■ COLLECTED MATERIAL
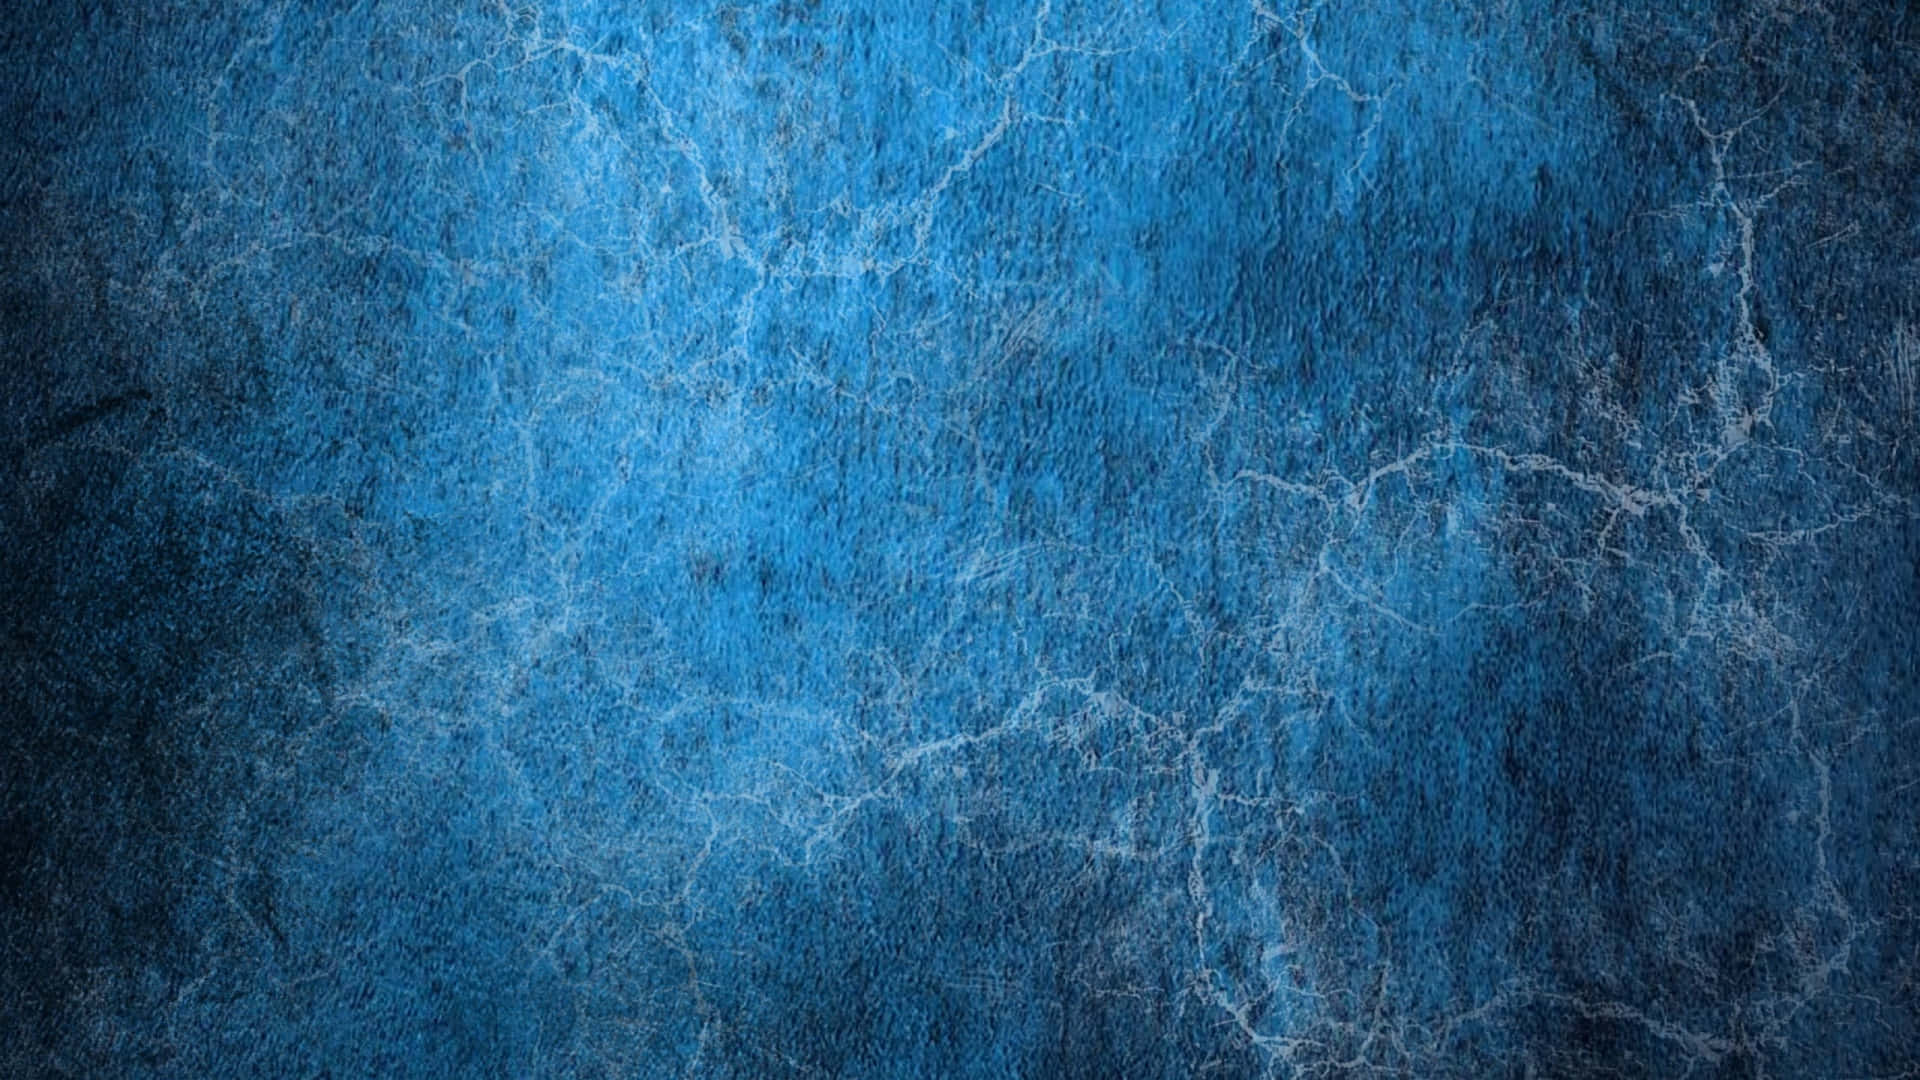 A Close-Up of Blue Grunge Textures Wallpaper
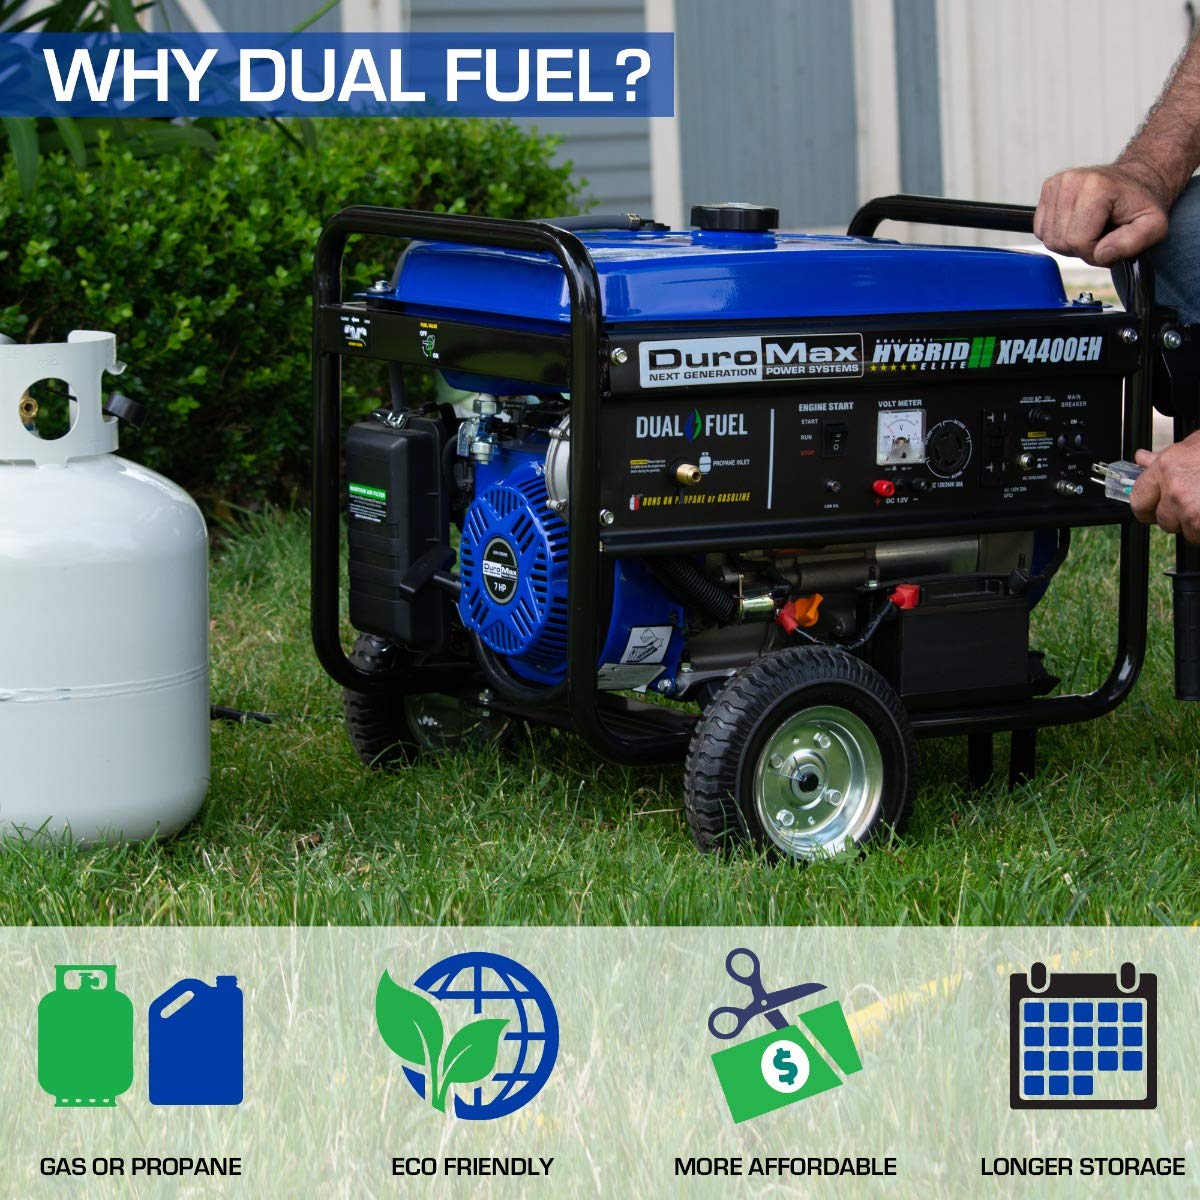 DuroMax XP4400EH Générateur portable bicarburant - 4400 watts alimenté au gaz ou au propane avec démarrage électrique
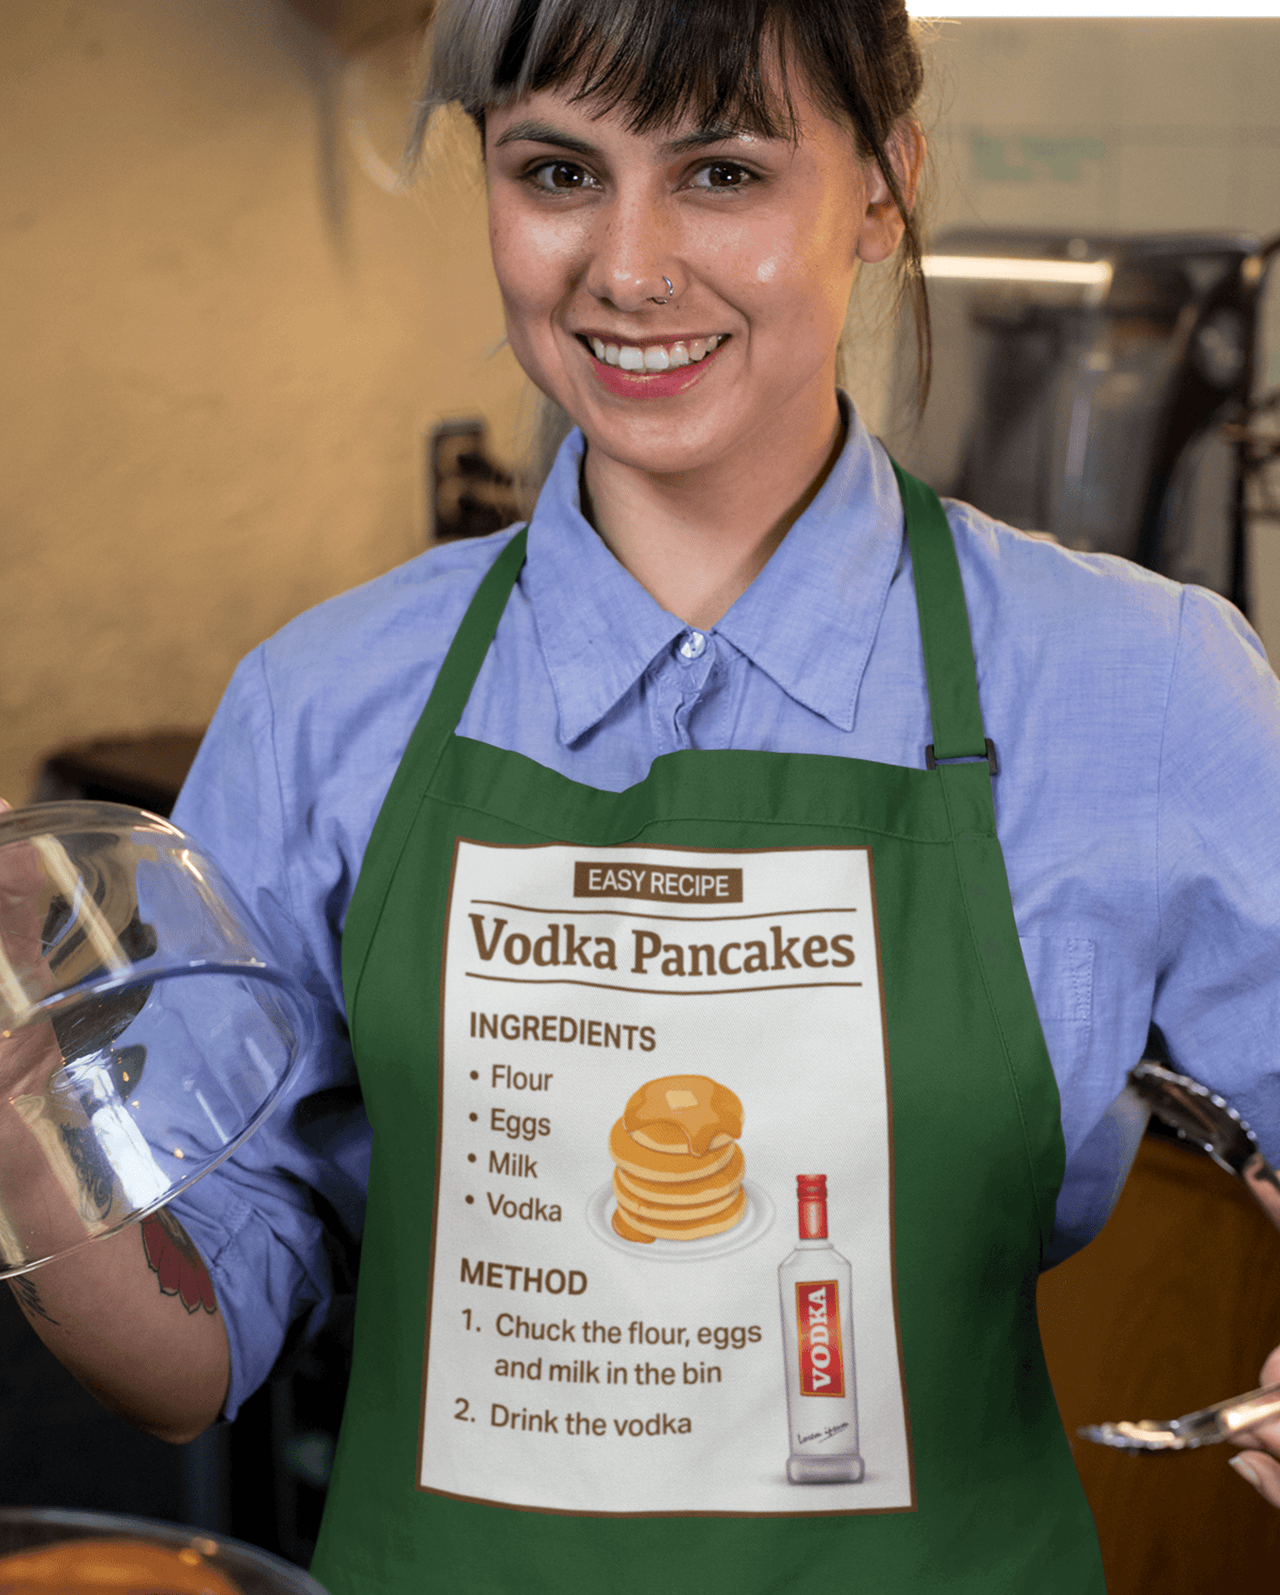 Vodka Pancakes Recipe Pancake Day Cotton Kitchen Apron 8Ball

■ WORK TASK
In the reply, every line of the material above is to be reproduced verbatim, and the images are to be left out.

■ ANSWER BOX
 A Close-Up of Blue Grunge Textures Wallpaper
 DuroMax XP4400EH Générateur portable bicarburant - 4400 watts alimenté au gaz ou au propane avec démarrage électrique
 Vodka Pancakes Recipe Pancake Day Cotton Kitchen Apron 8Ball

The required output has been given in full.